It sure is  I'm going straight from work to reserve a table at Irish Village. We've also got some inside space reserved at the Cellar in case it's too hot to sit outside.

See you then!


----------



## katiepotato (Apr 29, 2008)

Hi all you might not see this now as it's quite late - am still coming but probably won't be there til 9ish as I have to be on a conference call at 7.30.... Will be there ASAP.


----------



## Elphaba (Jan 24, 2008)

As I advised BLM I was unable to make it as I was with clients until 9.00pm at the other end of town. My apologies. I understand however, that the only people that turned up were those at the last meet.

This surprises me as so many posters have said that they want the opportunity to meet people, then when something is organised, hardly anyone bothers to turn up. Frankly, I am disappointed.


_


----------



## Steve-W (Jun 13, 2008)

Hope you all enjoy yourselves in that hot weather have a tipple for me plz


----------



## Iron Horse (Apr 10, 2008)

Nice to have a night out for me. Good to see a few of you again, but a couple of new faces too.

Looking forward to the next one. Hey B, does someone else need to do the leg work for the next one? Anyone else thinking snow skiing?


----------



## shinny_girl (Apr 4, 2008)

like last time it was great and i enjoyed it. thanks to people who came.we shouldnt be disappointed with those who doesnt make it for any reason. we can keep it more stronger with those who make it....


----------



## Ogri750 (Feb 14, 2008)

I had a good excuse.............I was on a Emirates flight to the UK, and you know that I deffo wanted to come along


----------



## katiepotato (Apr 29, 2008)

So sorry I didn't make it - my 5pm conference call was moved to 7.30pm instead, I didn't get back to my hotel til 9pm and after a 13-hour day I would have been awful company! As per my message on Friday I had every intention of coming but you know what they say about the best-laid plans.... Anyway will keep checking for the next night out and hope nothing crops up at work this time!


----------



## BLM (Jan 31, 2008)

Guys guys - it's cool! We had a great time, met up with some familiar faces, made a new friend or two.

Iron Horse yes please! But I can't stand up on snow so I'll happily watch you all from Apres Bar


----------



## Shuja (May 29, 2008)

I actually showed up right on time, but since I had no idea on where everyone was sitting, I asked around a few groups if they were Dubai Expat meet, gave me weird looks so I stopped asking, had couple of drinks by myself and left


----------



## BLM (Jan 31, 2008)

Oh Shuja that's such a shame! We had a sign on the table and everything  Next time I'll give you my mobile number


----------



## Pasanada (Feb 5, 2008)

So sorry I didn't make it - any chance we can make it a Friday evening so I can't get spammed by my boss to work??? 

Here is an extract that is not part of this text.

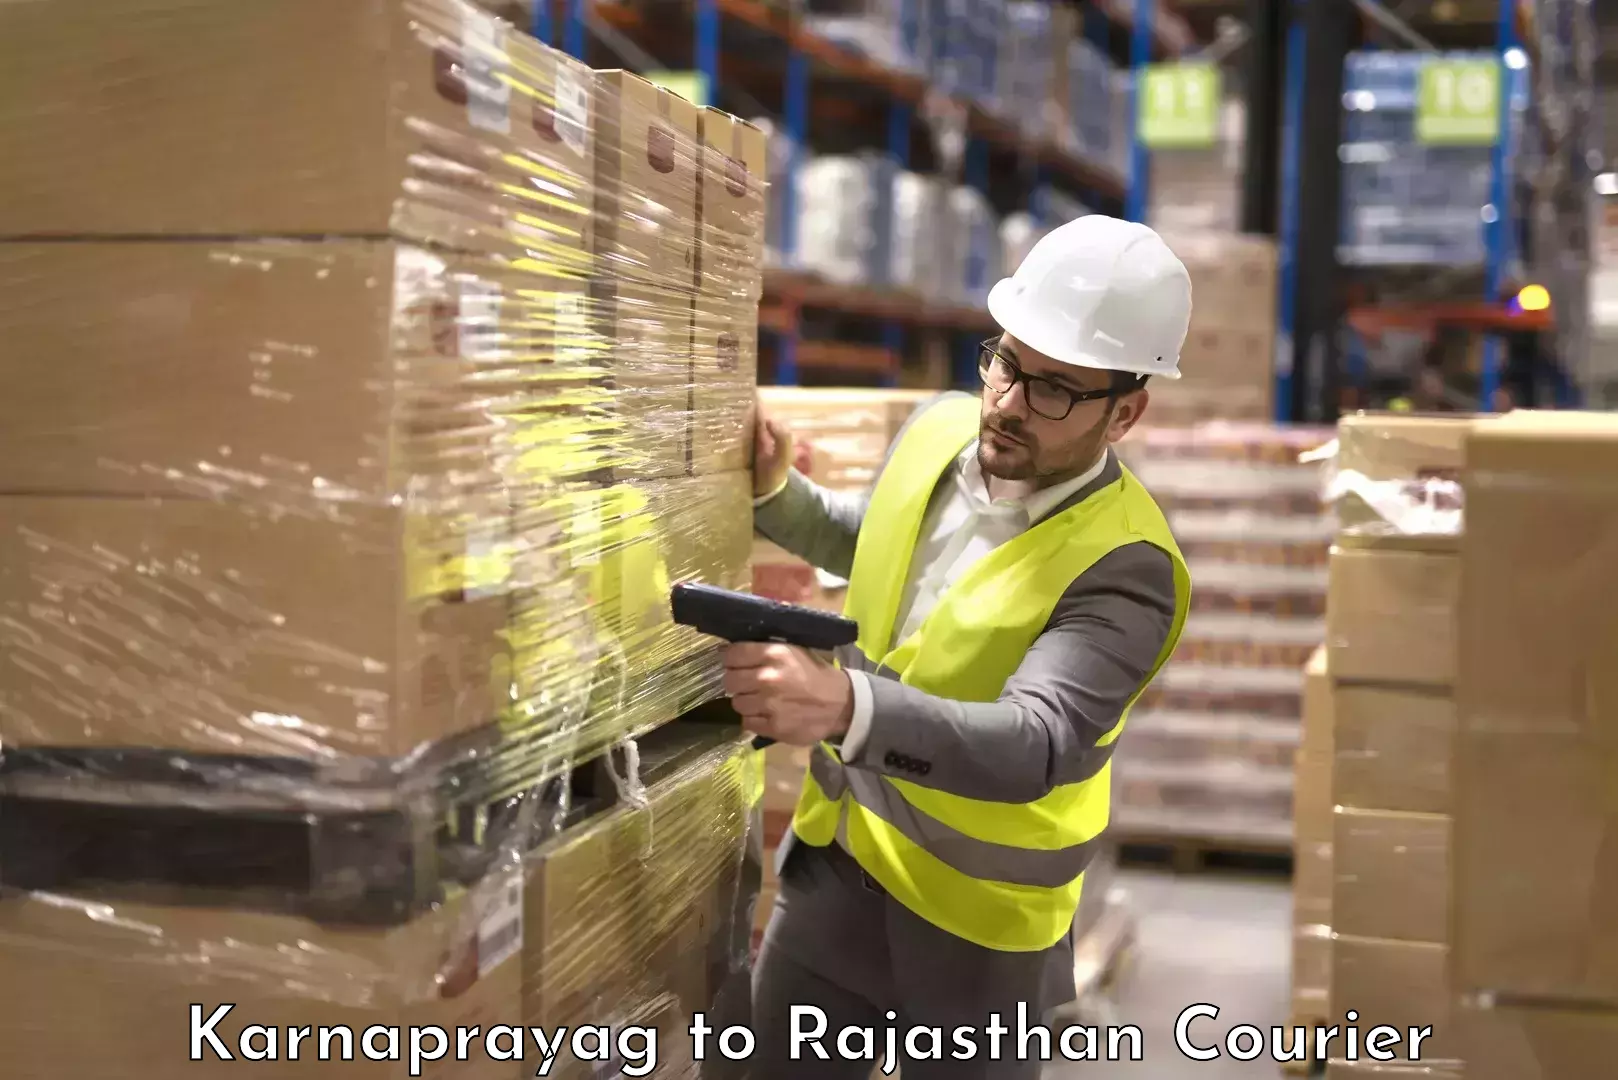 Luggage shipment specialists Karnaprayag to Ras Pali
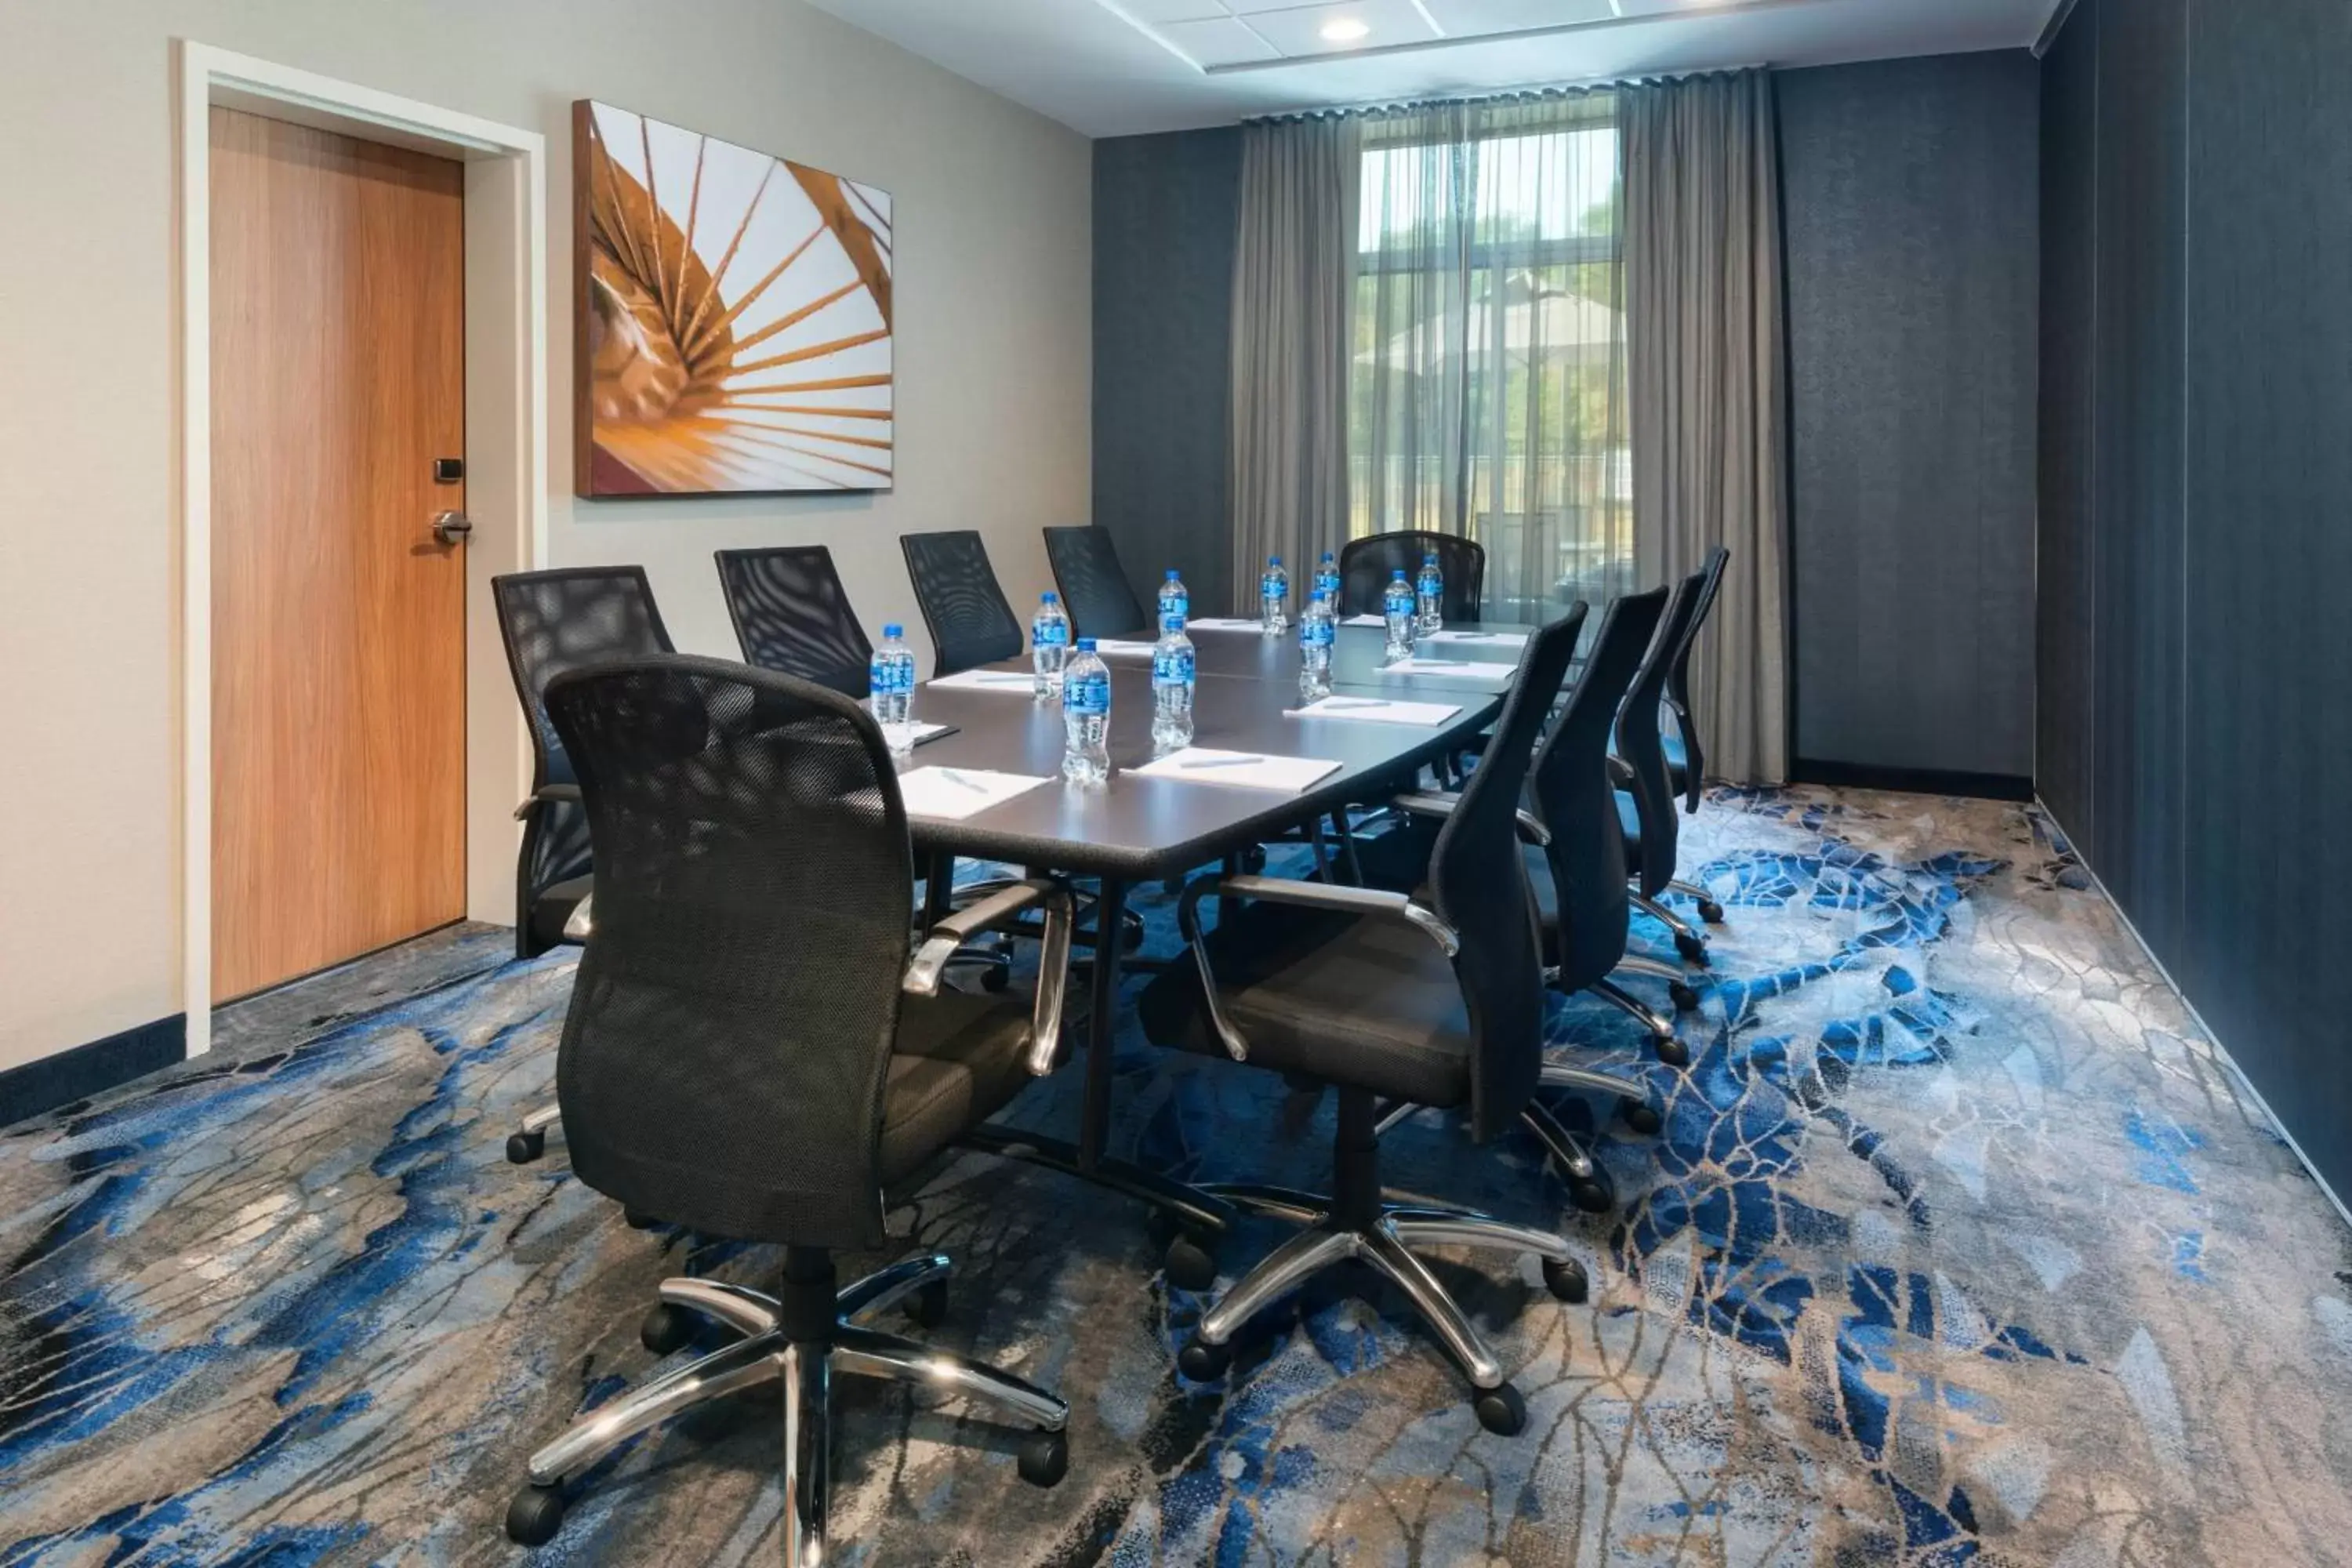 Meeting/conference room in Fairfield Inn & Suites Santee

Skiing sounds good, however, I wouldn't want to meet new peeps whilst I'm flying down the slopes on my backside!! LOL


----------



## gentlebeing (Jun 23, 2008)

How does one make this work? Do we just decide to get together at some place without any binding? Though you certainly dont want to force people in, how do you ensure presence atleast of those who are prompt to accept the invite but fail to appear at the meet? Is there a moderator who drives this?


----------



## Iron Horse (Apr 10, 2008)

gentlebeing said:


> How does one make this work? Do we just decide to get together at some place without any binding? Though you certainly dont want to force people in, how do you ensure presence atleast of those who are prompt to accept the invite but fail to appear at the meet? Is there a moderator who drives this?


I'll be the captain for the next night out. It's very casual. A couple of us walked right past the table too, thinking the group might be in the back. But we were rounded up. I believe we arrived a few hours beyond the start time, but B did a fantastic job securing a table for everyone. Others filed in a half hour later and a few popped in and popped out quickly. So time is not strict.

Shall new thread be started for the next go round?


----------



## somthing71 (Jun 13, 2008)

Hi all, I came back to UAE, Im looking to join to you next time, what about thursday?


----------



## shinny_girl (Apr 4, 2008)

i agree with the next thread for get-together...but this thursday is probably impossible cause its almost late to organize it. how about sometime next week?


----------



## somthing71 (Jun 13, 2008)

Anyhow I will be in Irish Village thursday ( 26 June) from 9 pm, I will be glad to meet any member there,


----------



## shinny_girl (Apr 4, 2008)

bytheway, Iron Horse if you are planning the next one please make it somewhere else......


----------